Auckland University of Technology professor of construction John Tookey said the changes would save a few thousand dollars in the building process and would generally be a positive move for housing supply.
But he agreed with concerns over water run-off, and warned there needed to be recognition that increasing housing densification would put more pressure on infrastructure and services such as drinking water, sewage, roads, schools and GPs.
“There’s going to have to be some sort of consideration of minor issues such as stormwater run-off, sewage requirements, water provision,” he said.
“If we’re going to get an extra couple of hundred thousand people in Auckland, then we’ve got a couple of hundred thousand people of additional water consumption that we’re going to have to supply.”
Tookey said without building consents, it would be harder for authorities to keep tabs on how many people were needing these services and resources.
He said its ability to make a difference to housing supply was, in his opinion, limited.
“I’m not going to hold my breath with regard to this becoming a massive exercise in generating additional housing,” Tookey said.
While it would make it cheaper for certain individuals by a few thousand dollars, “there is a requirement to be sensible about its application”.
But Willie Te Aho, strategic adviser to iwi housing provider Toitū Tairāwhiti Housing in Gisborne, said homes did not have to make a real difference.
“The reality is a lot of these will be pre-built,” he said. “Not just the 60sq m — people can live in 30sq m.”
He said Toitū Tairāwhiti — and probably others — could have houses ready to go when the law change came into effect a few months down the line, with a 60sq m home taking two or three months to build.
He said the rule changes would extend and make permanent a rule change that had already taken place in parts of Gisborne and Hawke’s Bay post Cyclone Gabrielle, that removed the need for consents in certain areas to rehouse displaced families.
He said Toitū Tairāwhiti had already moved 20-25 per cent of its people back into houses, thanks in part to the relaxed rules.
Ōrārūharo Ahu Whenua Trust chairman Ivan Hauraki is building a papakāinga for his whānau that has eight small homes with some communal facilities.
“I built our papakāinga on rural-zoned land and if I’d applied by the rule there I would have only been allowed to put three houses on that 9½ hectares, but we now, and by August, will have 15 houses on 2ha.”
He had previously built 60sq m homes that were two bedrooms, open plan and housed two elderly people.

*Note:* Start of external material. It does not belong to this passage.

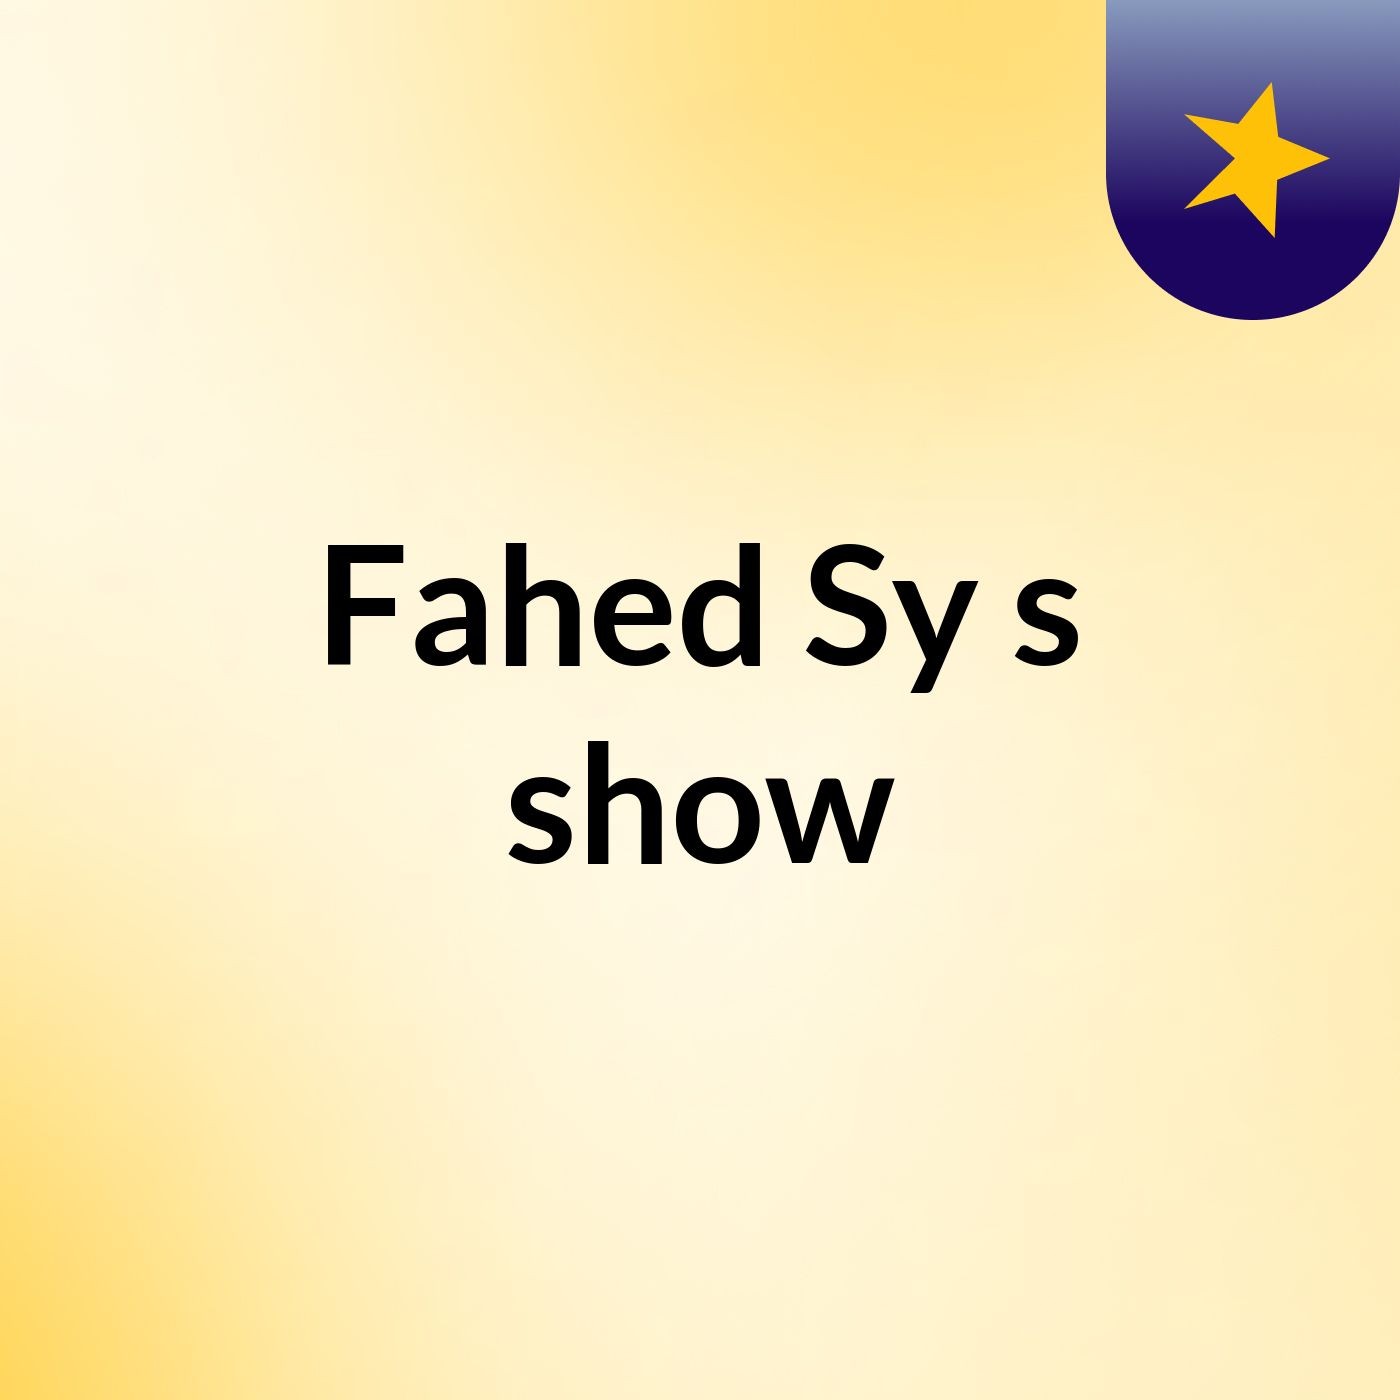 Fahed Sy's show

They were comfortable, he said.
“In the whole scheme of things it’s not only about the homes, though that is a big part of it; it’s about the wellbeing of the people too, and that’s what we’re providing alongside brand-new, warm and comfortable homes.”
Hauraki welcomed the proposal.
“I think there’s definitely the opportunity for building on Māori freehold land. I think there’s always been this mindset that why are people told that they can or cannot build on their land, and that’s where the resource consent process is … it’s all about the cost and it’s all about the time, so when you can cut both those down, you’re starting to get somewhere.”